[DATA SHOWN]
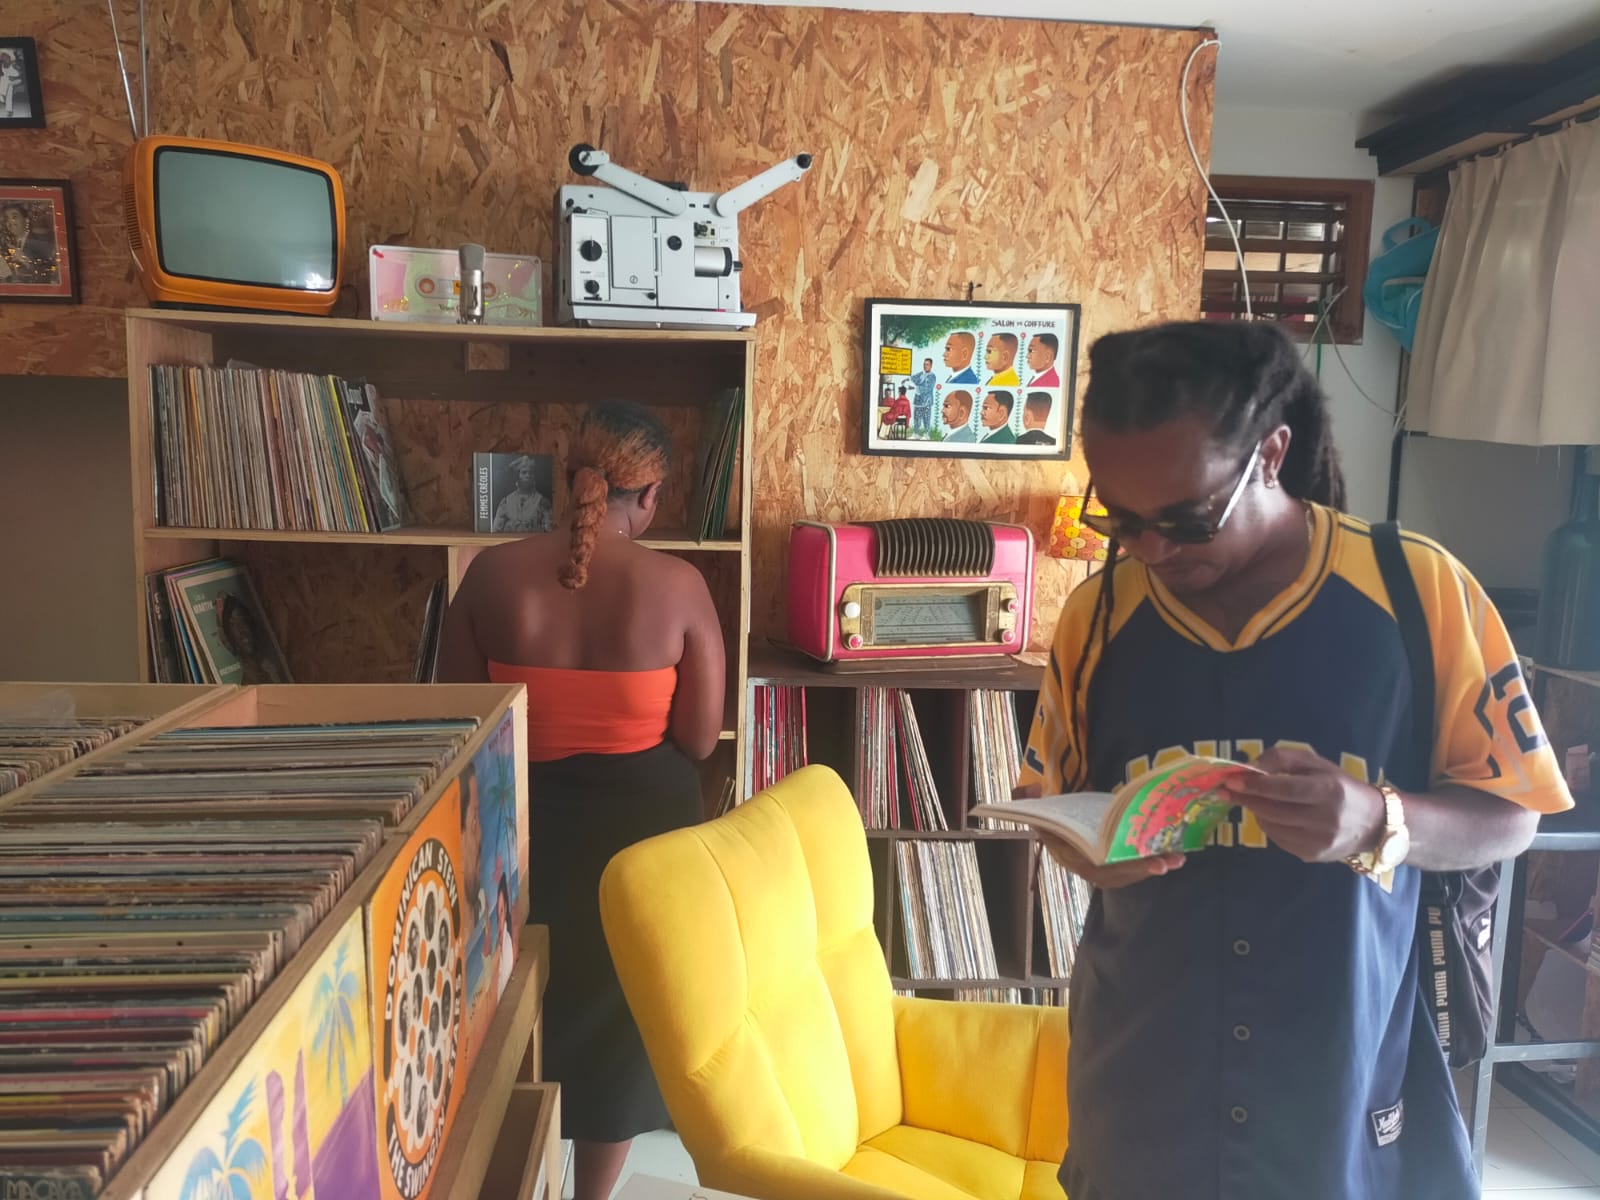     La 1ère « Vinylothèque » des Antilles a ouvert en Guadeloupe

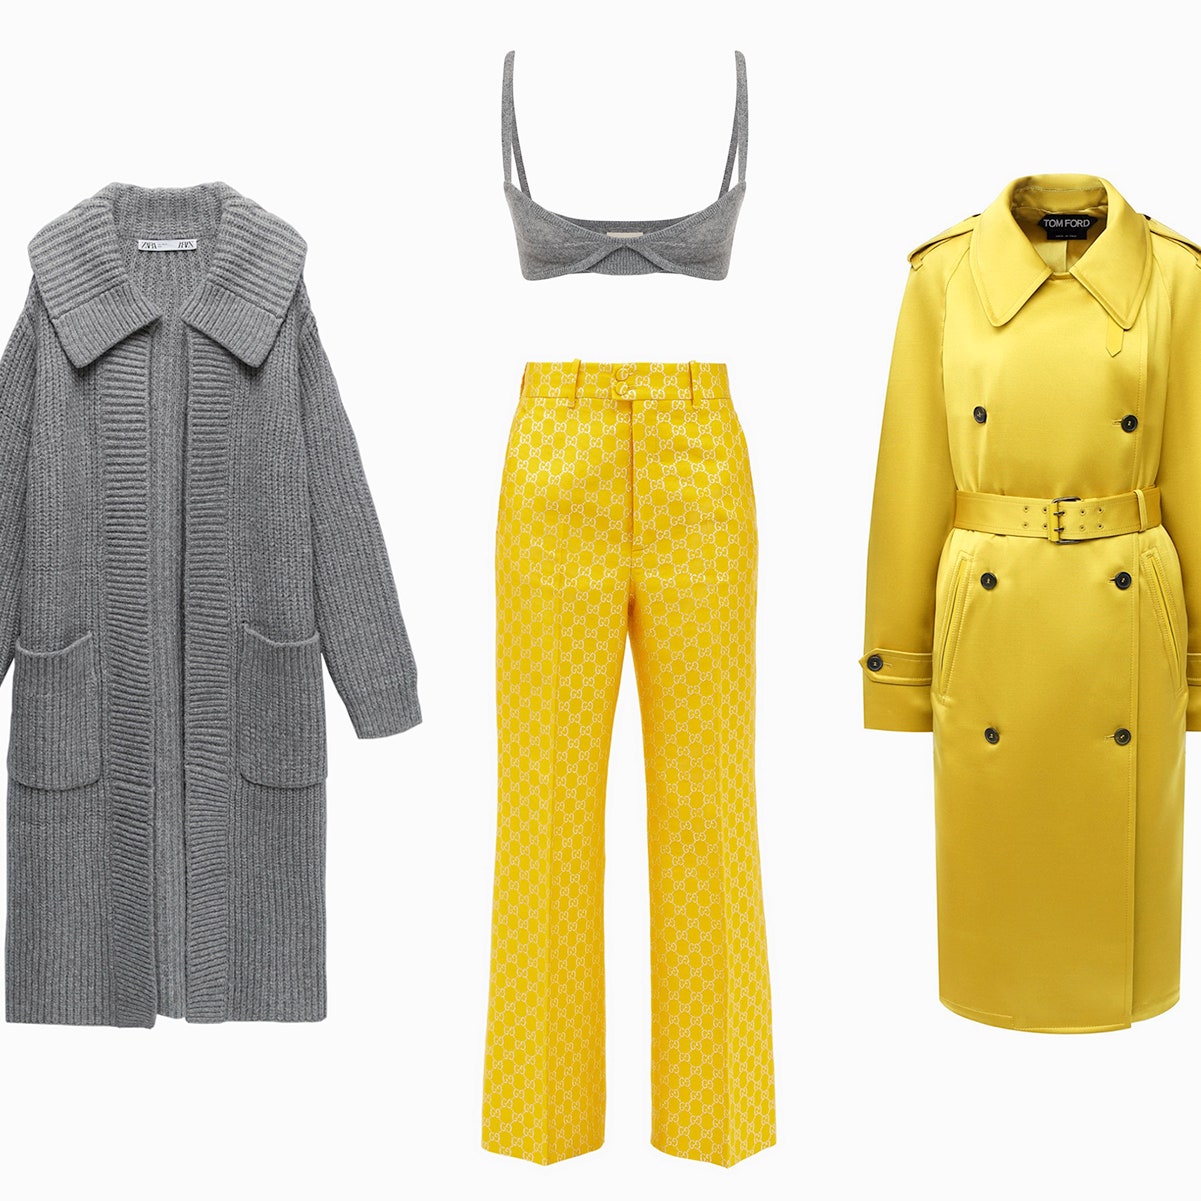 Топы, брюки, юбки и пальто в главных цветах Pantone 2021 &- желтом и сером
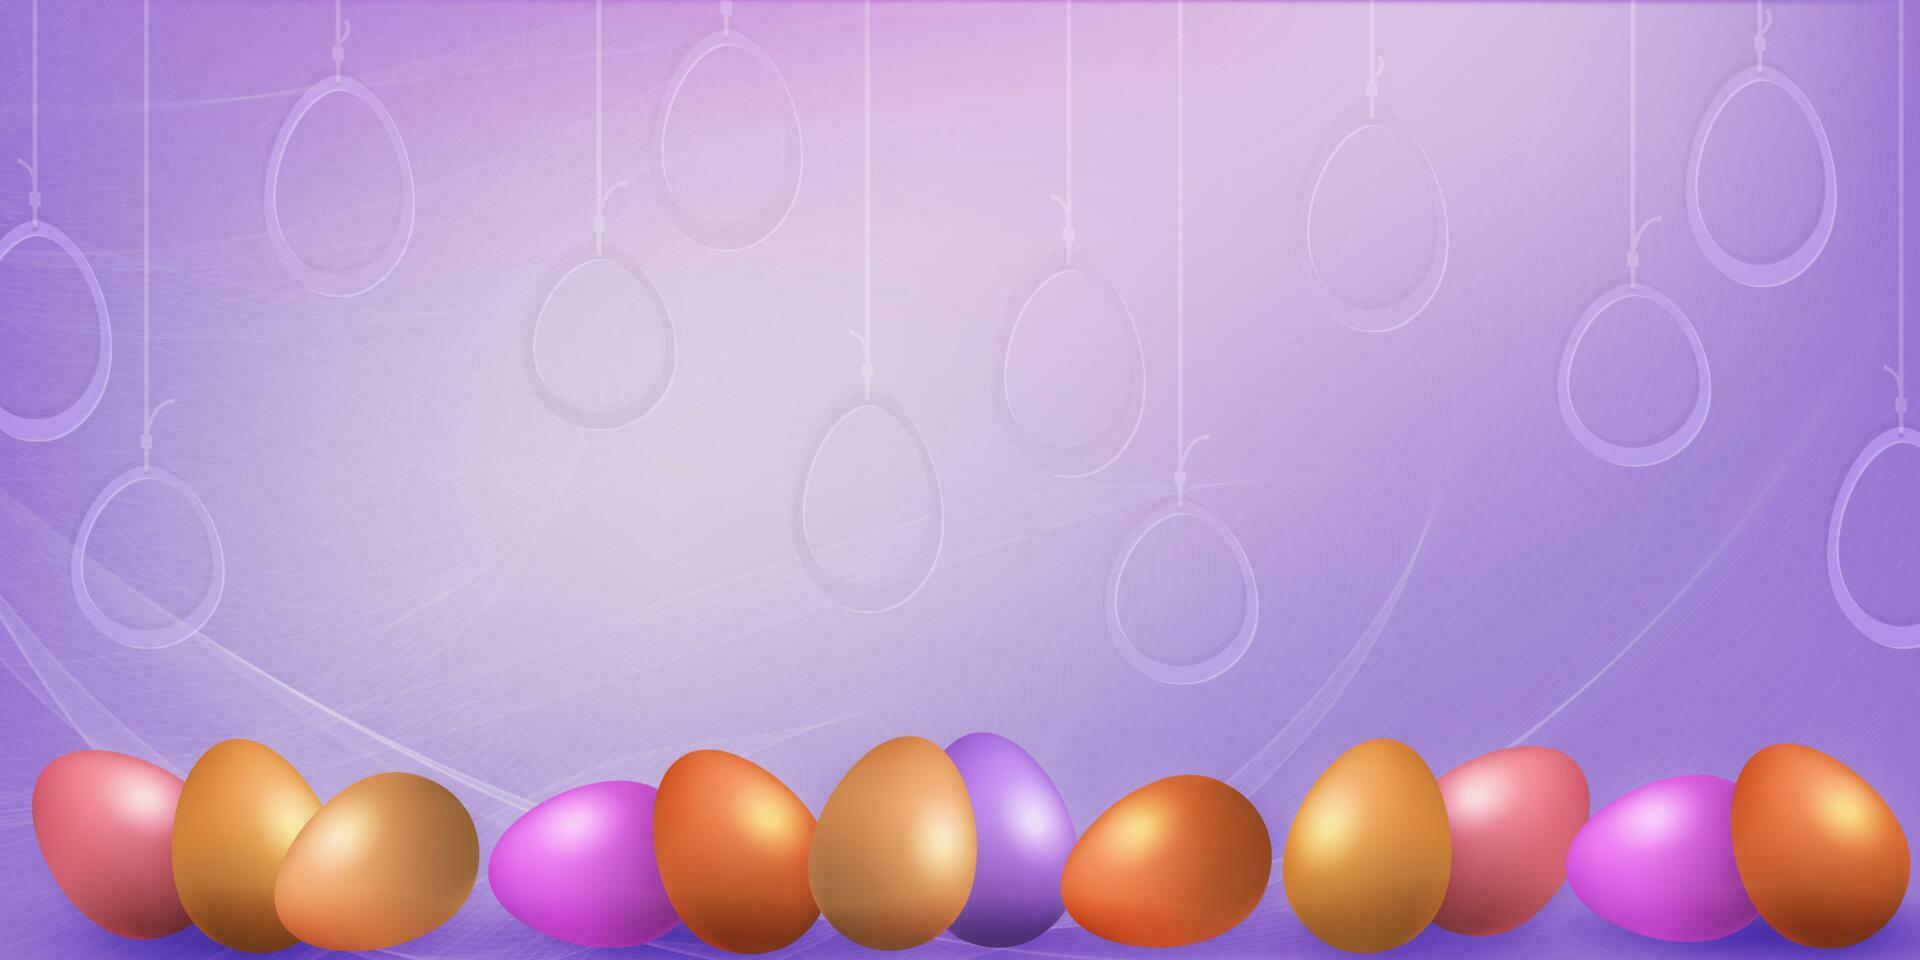 púrpura composición con Pascua de Resurrección huevos, genial tarjeta postal. vector
[/DATA SHOWN]
[EXERCISE DIRECTIONS]
Leave the pictures out and set down the rest of the listing above exactly.

[OUTPUT FOR THIS TASK]
     La 1ère « Vinylothèque » des Antilles a ouvert en Guadeloupe

 Топы, брюки, юбки и пальто в главных цветах Pantone 2021 &- желтом и сером
 púrpura composición con Pascua de Resurrección huevos, genial tarjeta postal. vector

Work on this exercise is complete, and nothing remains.